Sometimes the mains voltage is rather high and as the power is I²R that can cause a significantly greater power input.

Not many electricians are very comfortable with electric boilers!

Tony

A 12Kw boiler rated at 230V would become a 13Kw boiler at 240V so you would hope that this would be allowed for in the design if there was a chance that the current could be higher.
Any joint on a cable, particularly carrying currents like that, has to be electrically and mechanically sound.
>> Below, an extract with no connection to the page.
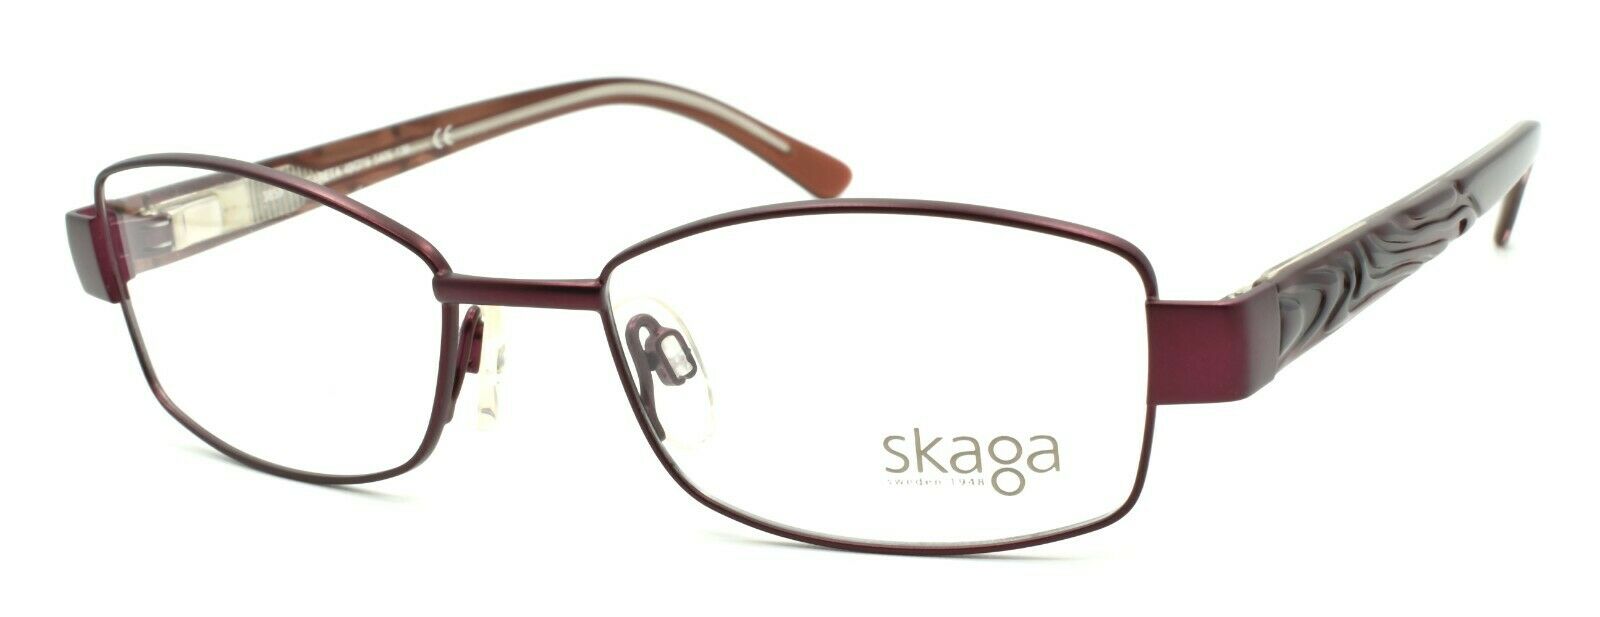 1-Skaga 3859 Margareta 5405 Women's Eyeglasses Frames PETITE 49-16-130 Burgundy-IKSpecs

This would mean checking the connectors are rated for the current and 'man' enough to accomodate the cables. Is the cable/connection in the boiler anywhere near hotter than ambient conditions thus causing overheating?
 
pulled the connector off the two little prongs soldered onto the board have blown as well and desoldered them selves, the actual point at which there soldered onto the board are about the size of a toothpick not impressed with build quality. sparky says his job is to run a cable in 10mm with a 30ma break rcd with 240v as disribed in the hand book. he has metered the cable and is happy that its in accordance with the manual. Aptec engineer does not know whats wrong as he needs to swap board to power it up to check it and is not qualified to comment on wiring however cant see any fualt with it. aptec wont admit fault so engineer cant get the spare to fire it up and at least check it over. My expert advice, dont buy this piece of ****e as the connector terminals in my watch are bigger, and the fact that they diagnosed the fualt over the phone origanly and concluded i was putting in the wrong electric is a joke. Any idea who deems these safe and who i can complain to.
 
i did thats the problem, the electrician says the fuse box is sound and in the manual is says 10mm connected via a 30ma rcd does not specify amps.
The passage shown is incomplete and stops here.